### Dataset content
=-=-=
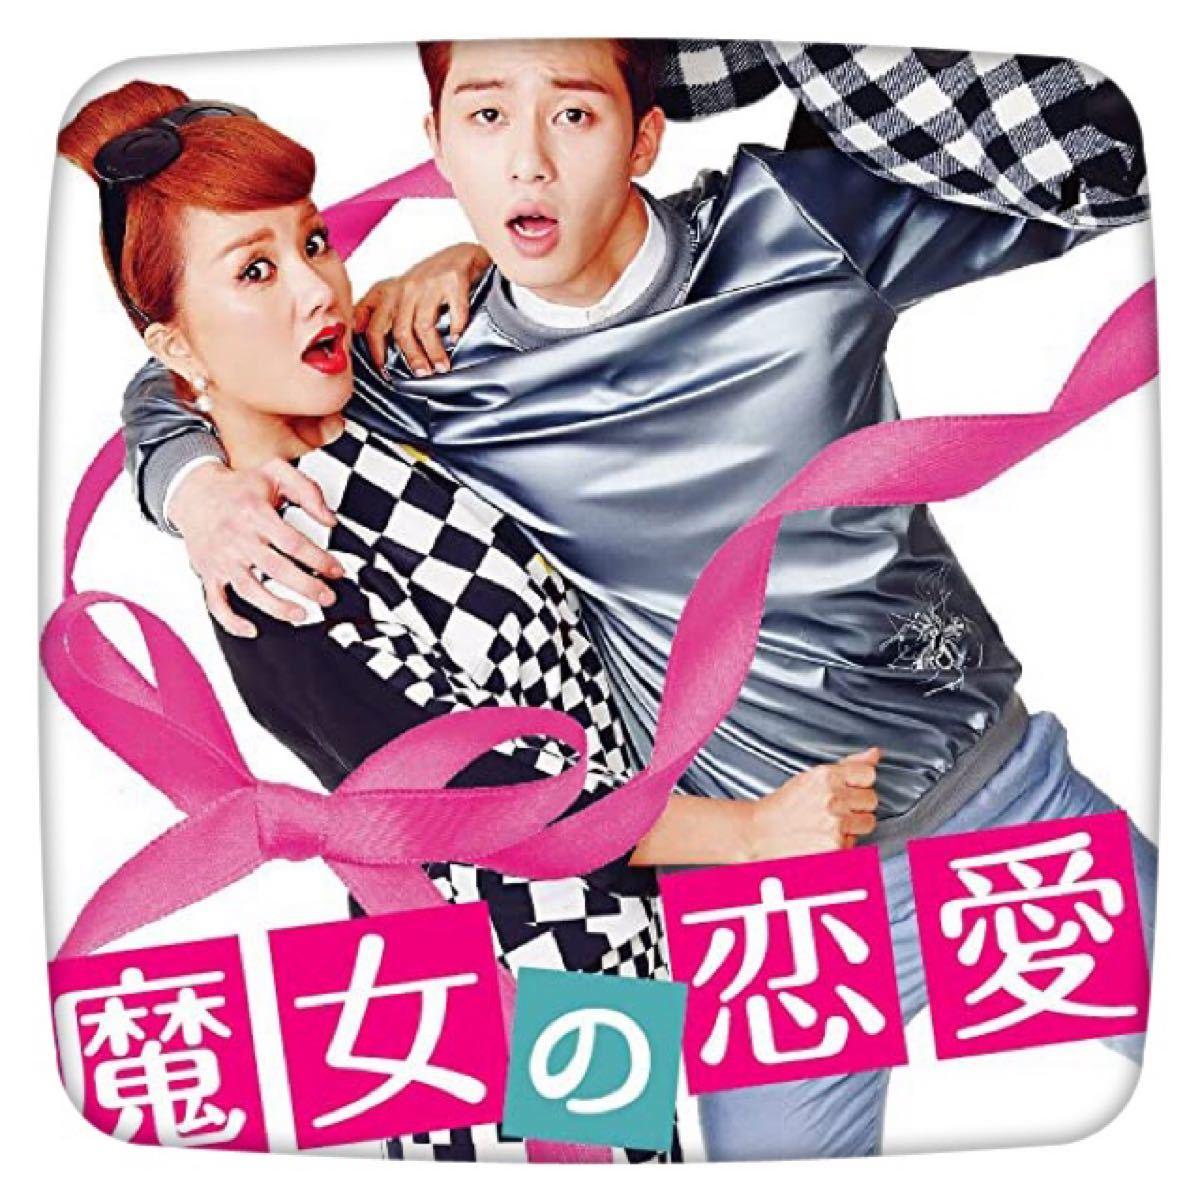 【魔女の恋愛】Blu-ray 韓国ドラマ 韓流
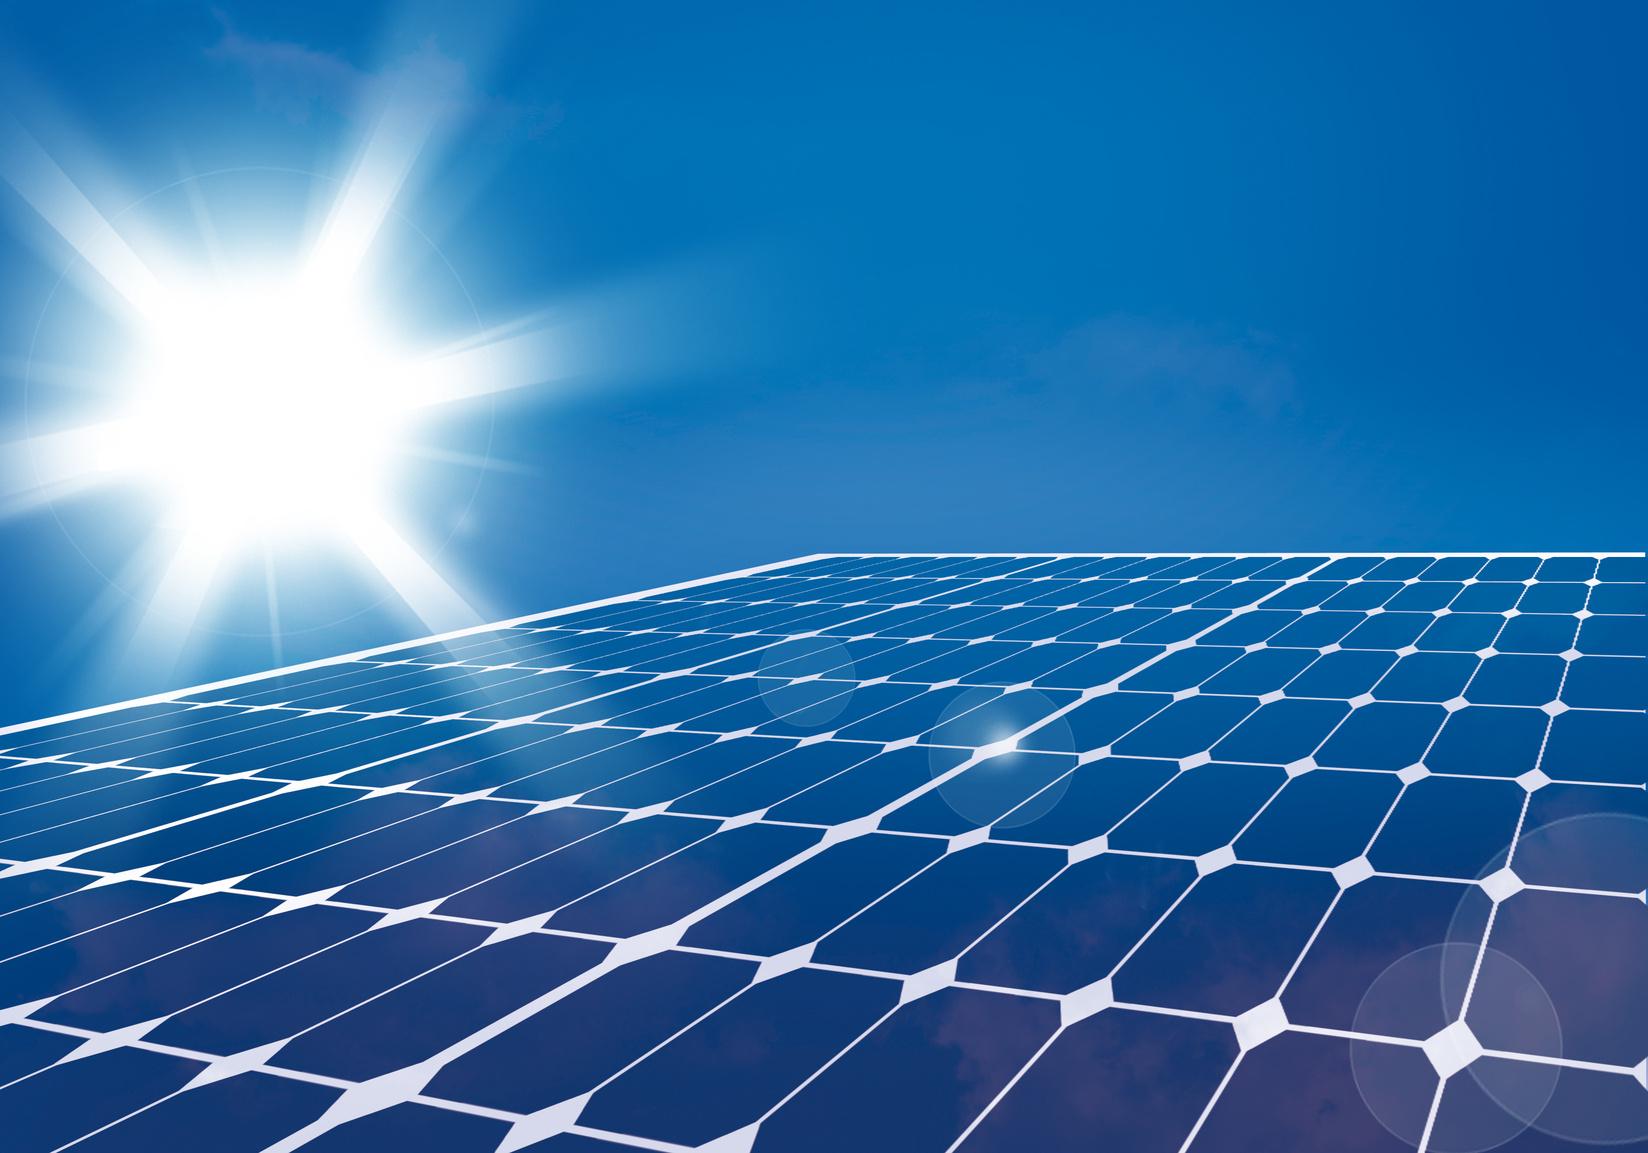 Progettazione impianti fotovoltaici e altre fonti - Altroconsumo fotovoltaico ...
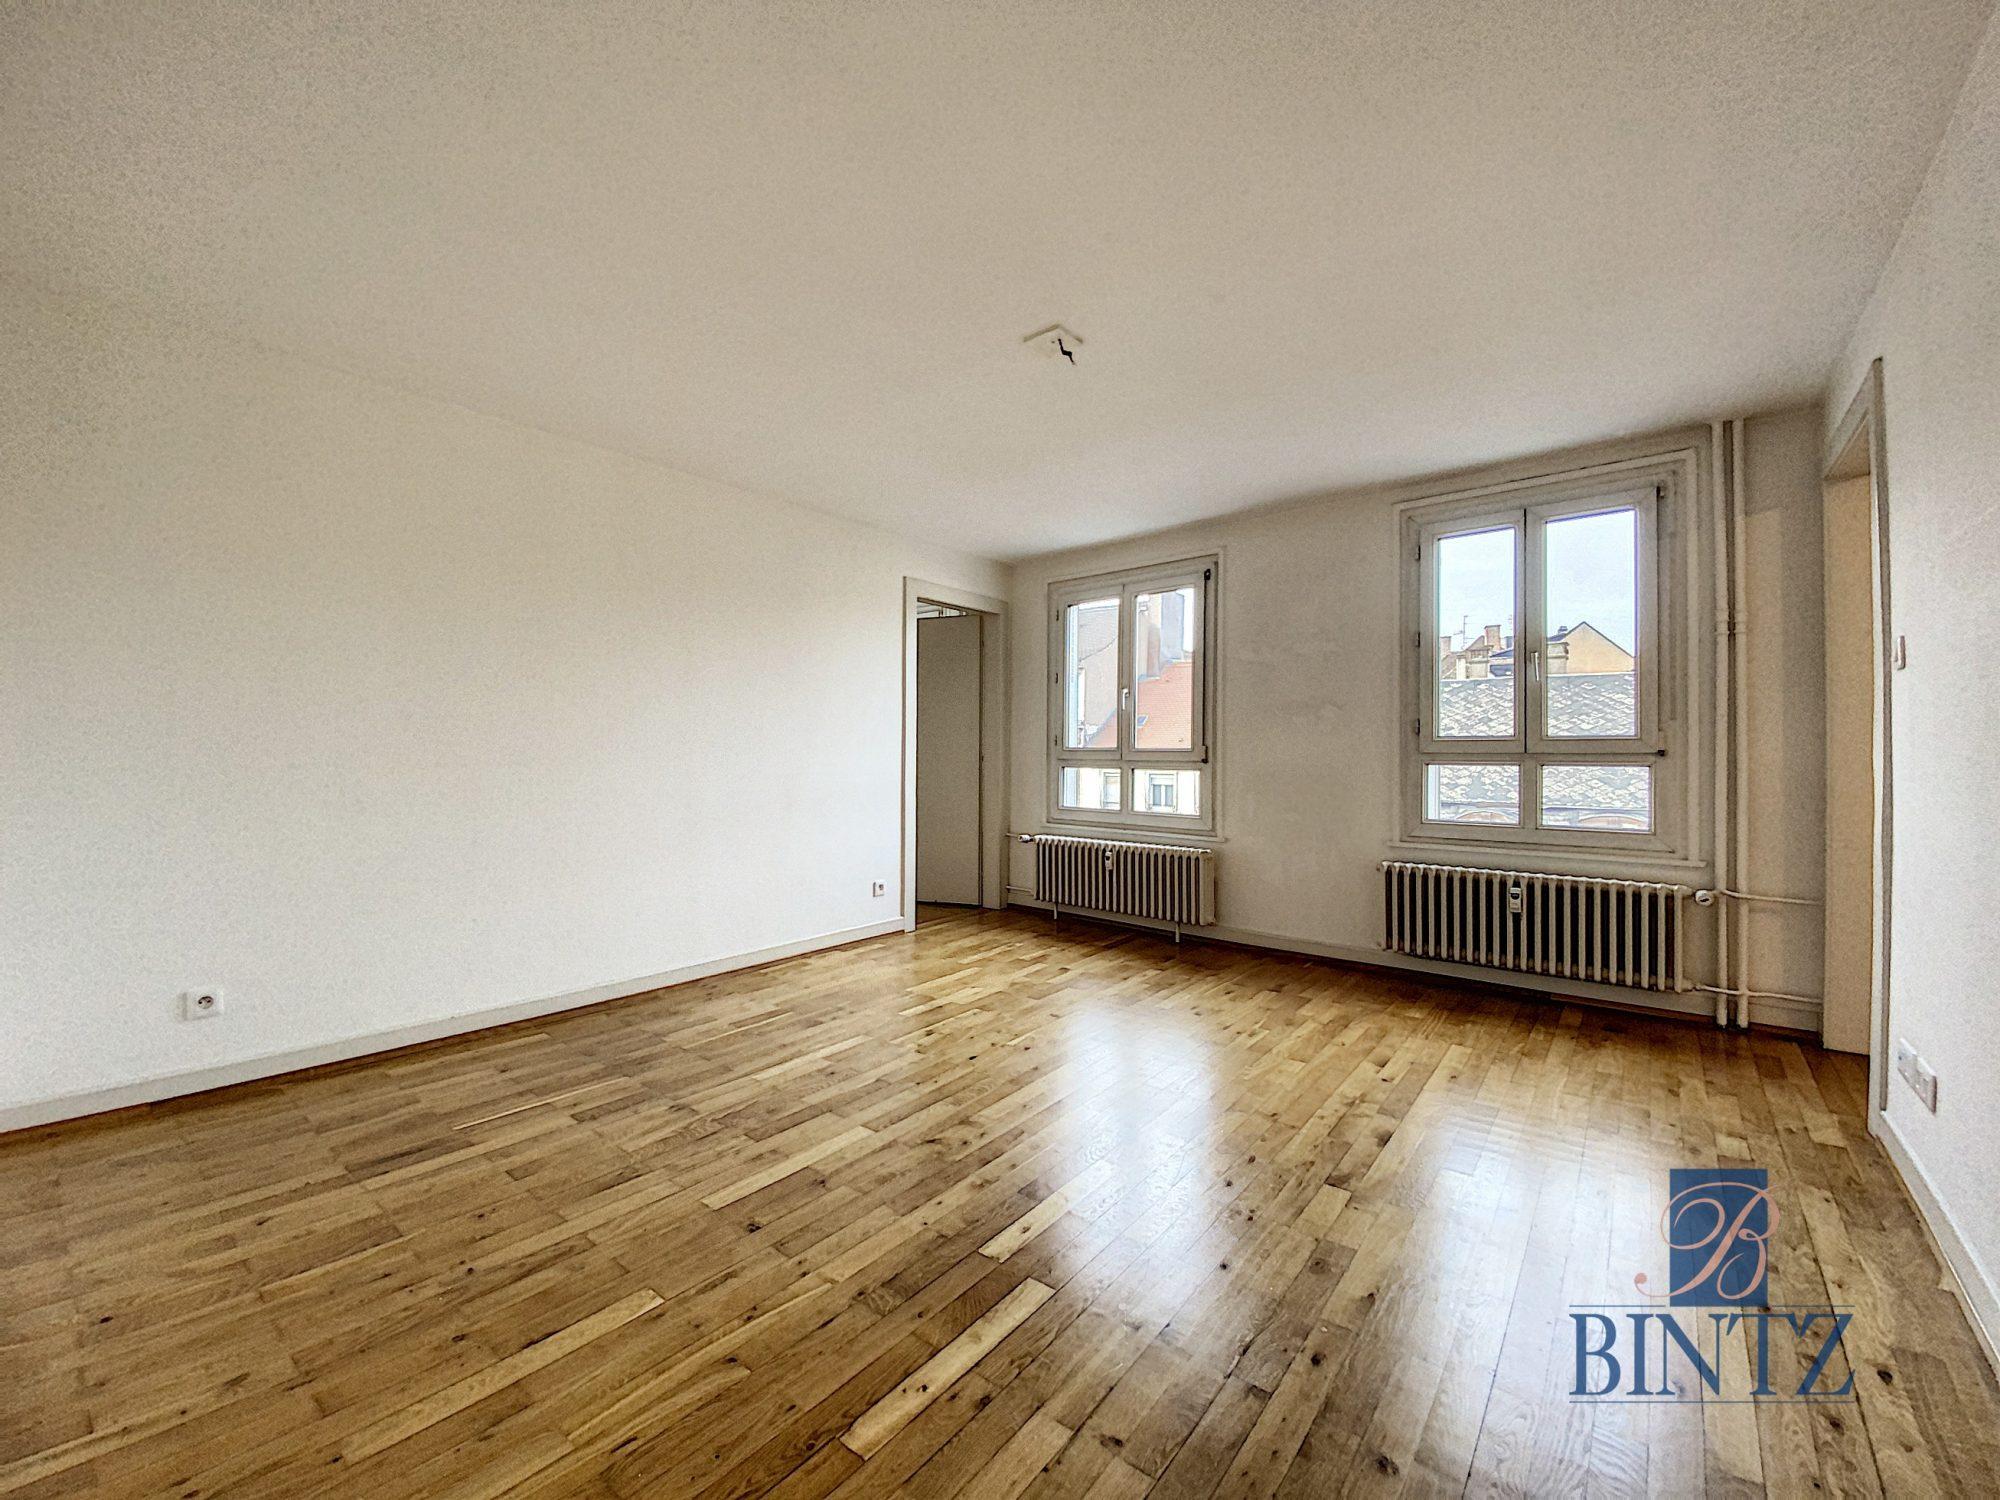 3 PIÈCES HYPERCENTRE - Devenez locataire en toute sérénité - Bintz Immobilier - 1
=-=-=
For this exercise, restate the material exactly and skip every picture.

### Answer for this exercise
 【魔女の恋愛】Blu-ray 韓国ドラマ 韓流
 Progettazione impianti fotovoltaici e altre fonti - Altroconsumo fotovoltaico ...
 3 PIÈCES HYPERCENTRE - Devenez locataire en toute sérénité - Bintz Immobilier - 1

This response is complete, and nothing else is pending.